*** Opening of RECORDED DATA ***

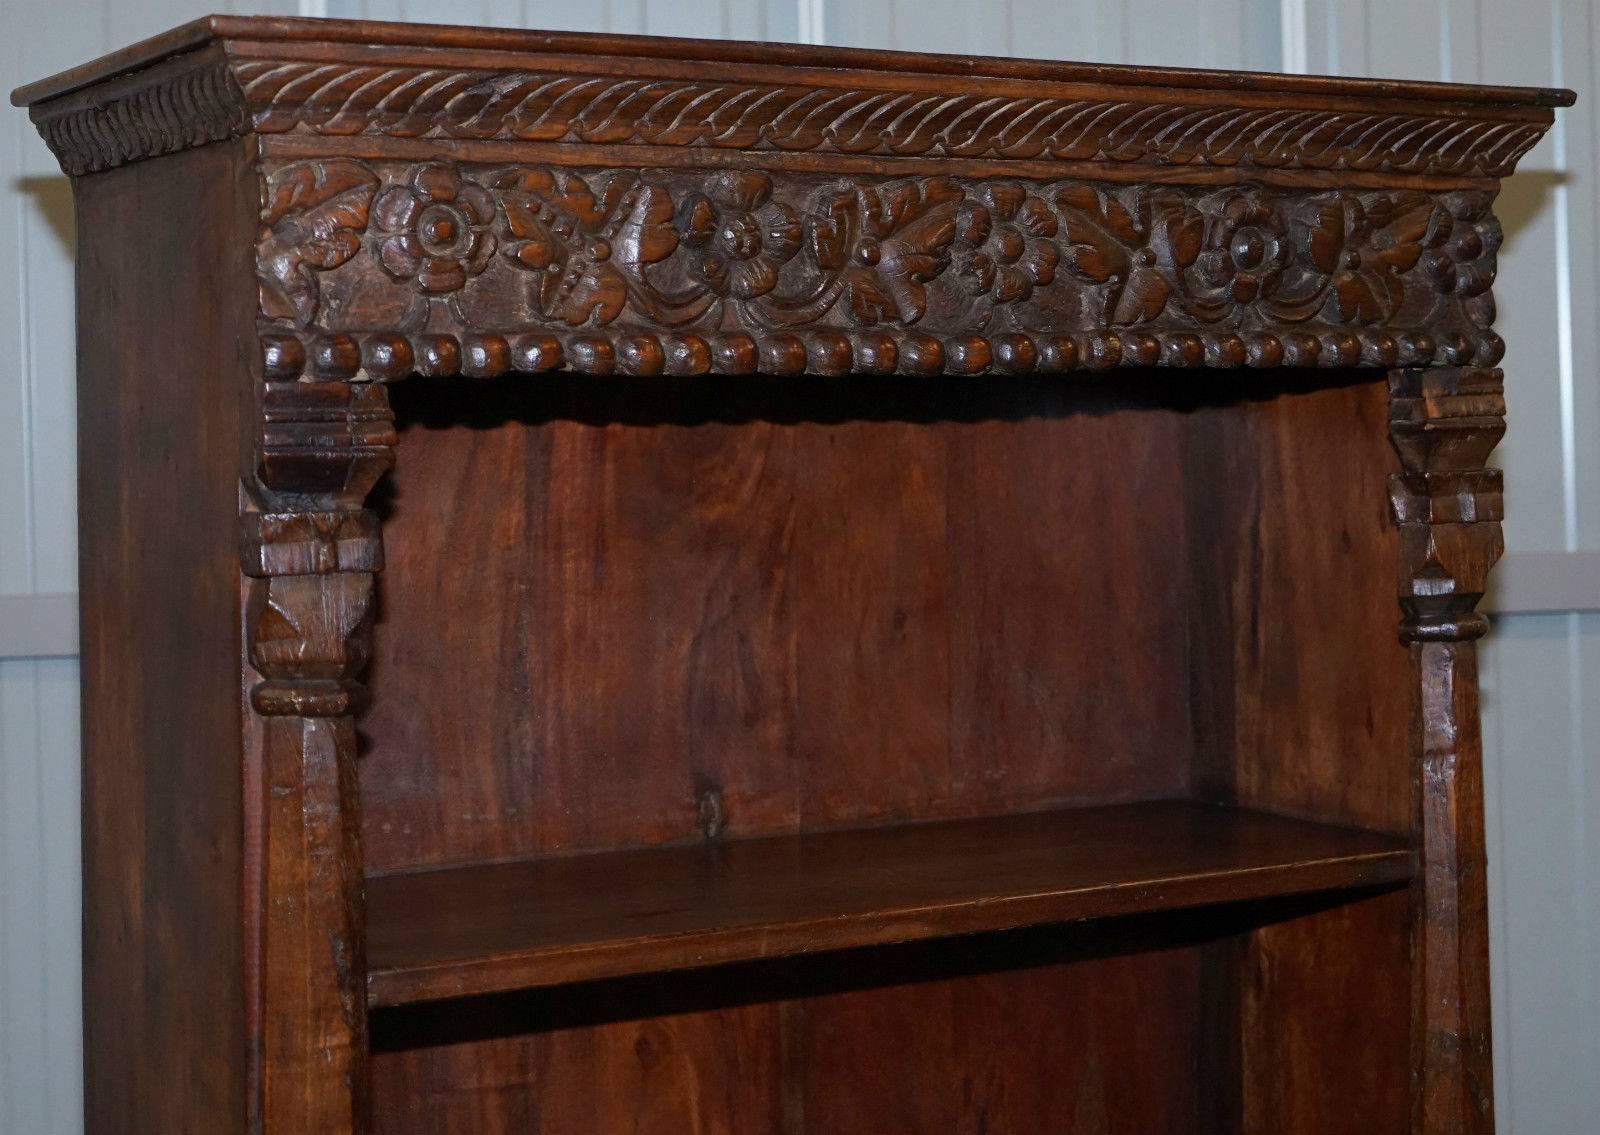 We are delighted to offer for sale this absolutely stunning hand-carved solid teak wood vintage bookcase

An exquisite and well-made thing that is just about as solid as you could possibly hope for

We have lightly cleaned hand waxed and hand

*** Close of RECORDED DATA ***

TASK TO CARRY OUT ->
Write the lines above out again exactly, excluding every picture.

TASK ANSWER ->
 We are delighted to offer for sale this absolutely stunning hand-carved solid teak wood vintage bookcase

An exquisite and well-made thing that is just about as solid as you could possibly hope for

We have lightly cleaned hand waxed and hand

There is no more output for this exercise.